### Task description
Below are records to repeat exactly; do not include any pictures.

(Stored data)

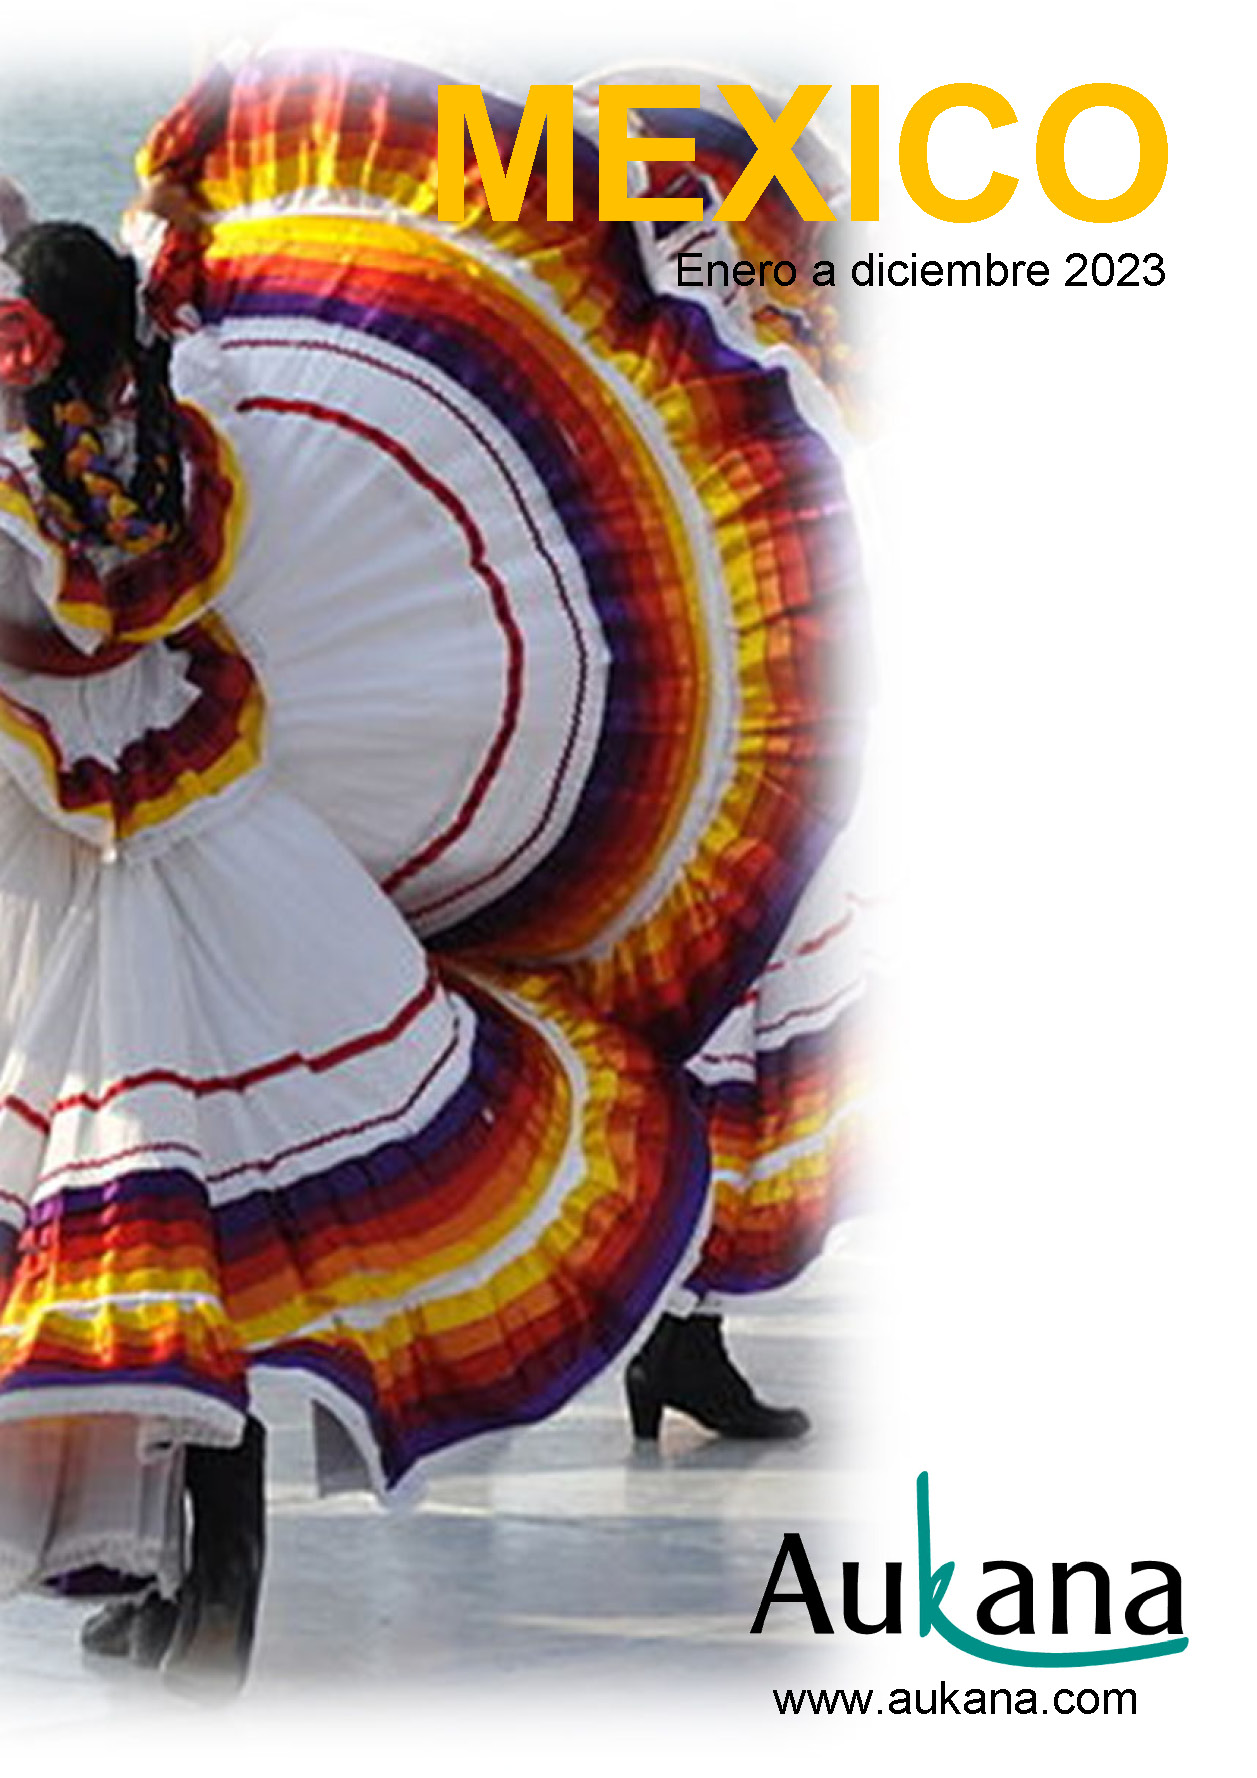 Catalogo Aukana Travel Mexico 2023
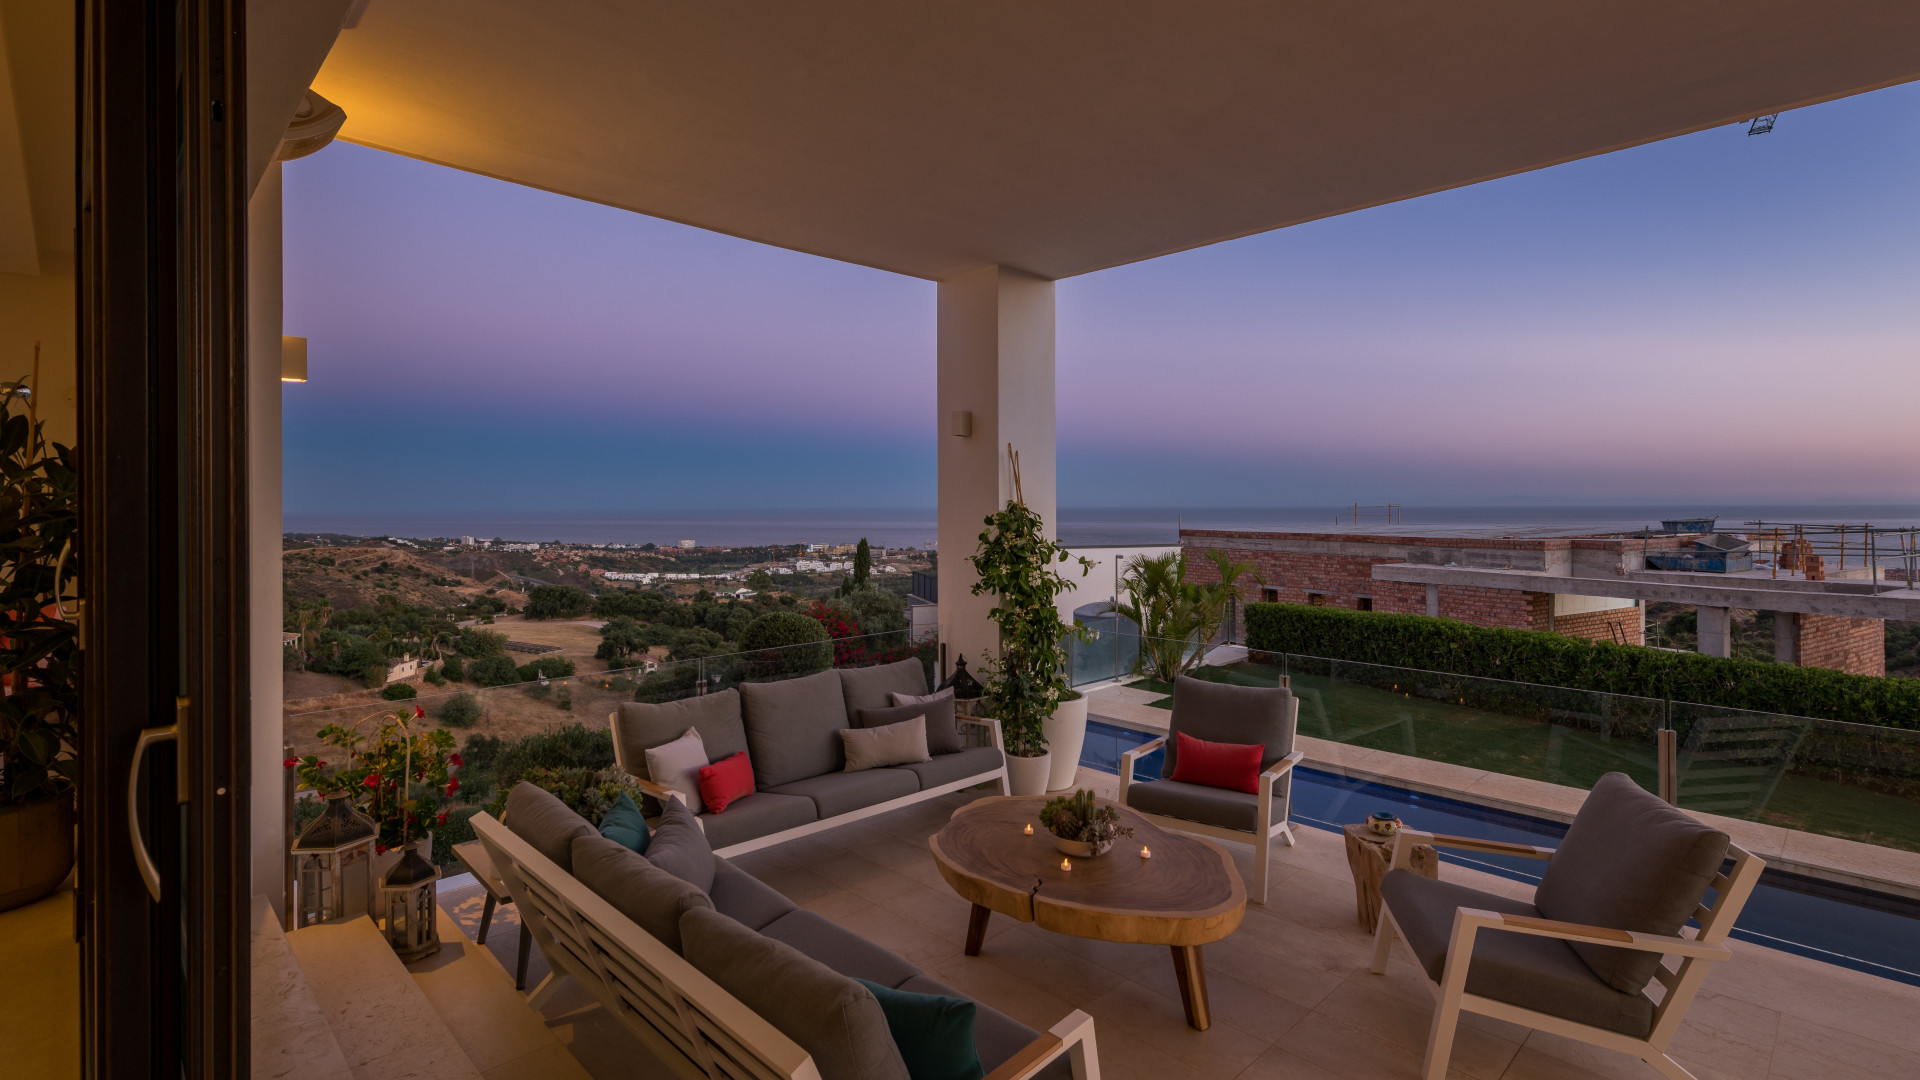 Villa moderna con vistas panorámicas al mar, amaneceres y puestas de sol espectaculares.
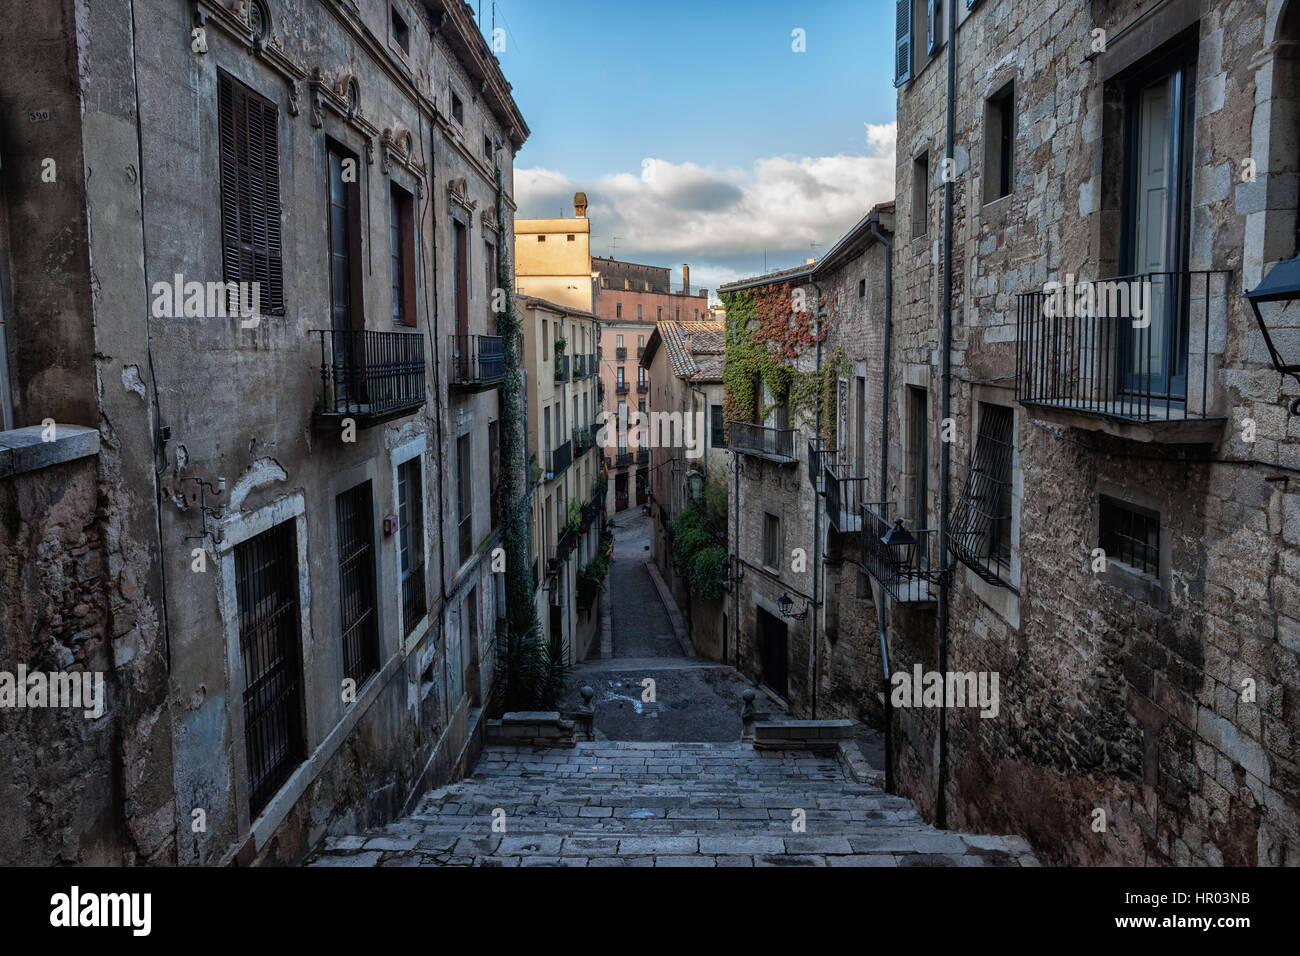 Città Vecchia (Barri Vell) architettura storica nella città di Girona in Catalogna, Spagna, edifici lungo Sant Domenec scale Foto Stock
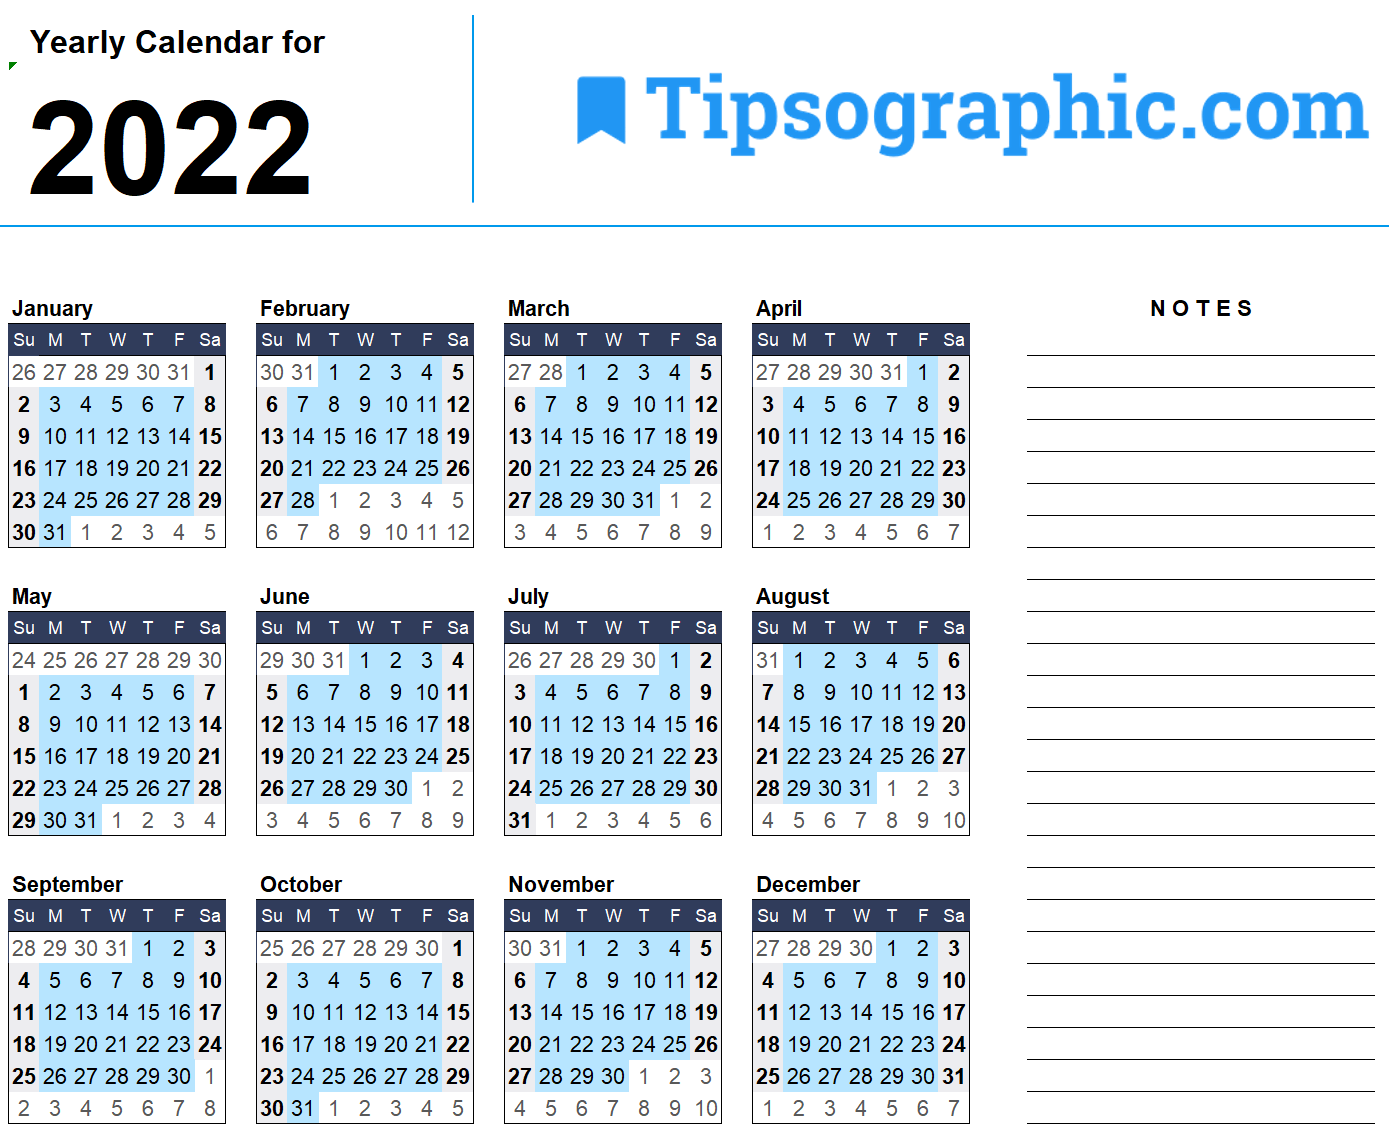 kalender 2022 excel gratis download
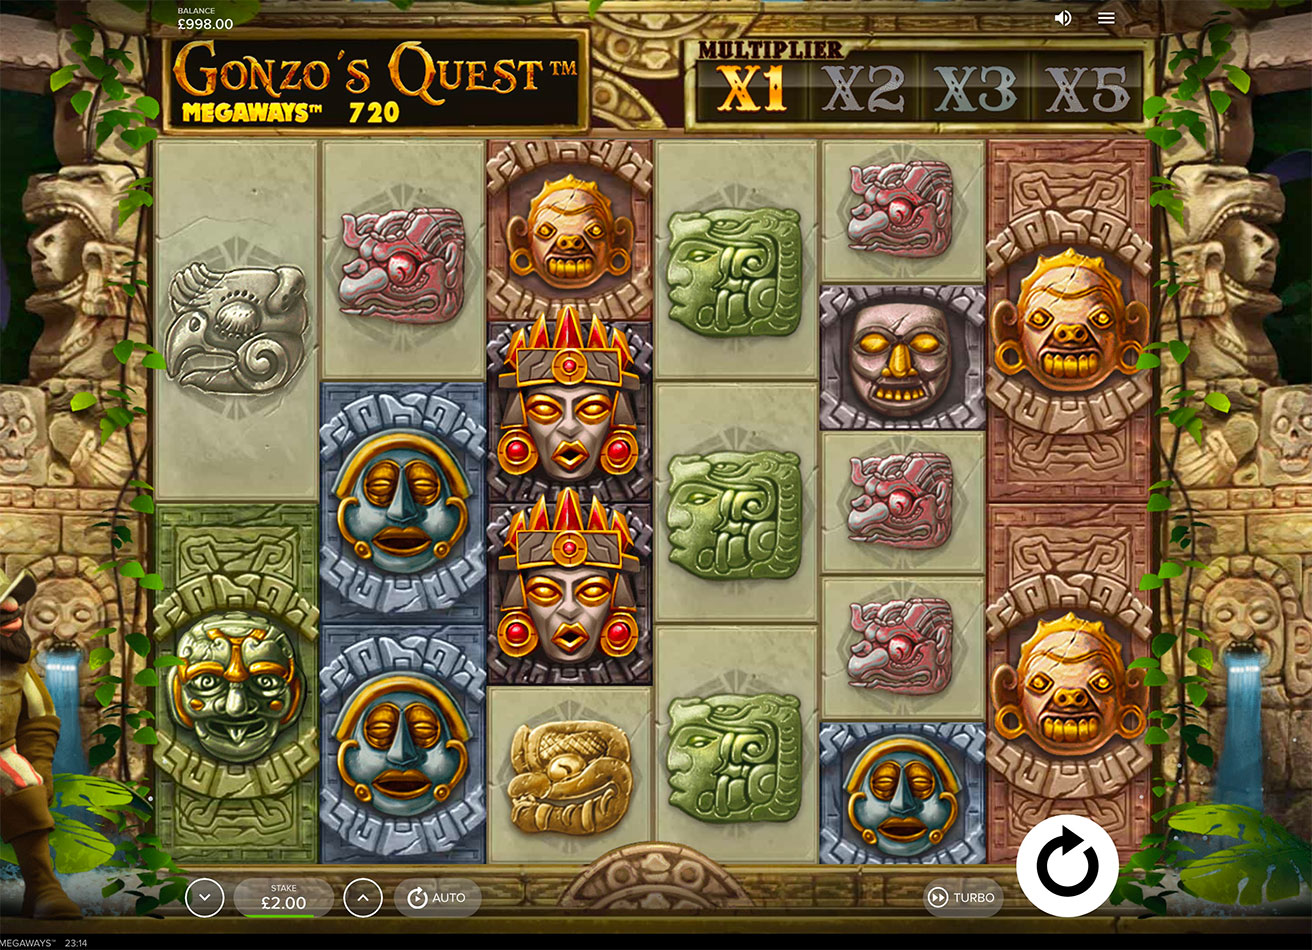 Gonzo’s Quest Megaways Pokie

### Answer to this problem
 Catalogo Aukana Travel Mexico 2023
 Villa moderna con vistas panorámicas al mar, amaneceres y puestas de sol espectaculares.
 Città Vecchia (Barri Vell) architettura storica nella città di Girona in Catalogna, Spagna, edifici lungo Sant Domenec scale Foto Stock
 kalender 2022 excel gratis download
 Gonzo’s Quest Megaways Pokie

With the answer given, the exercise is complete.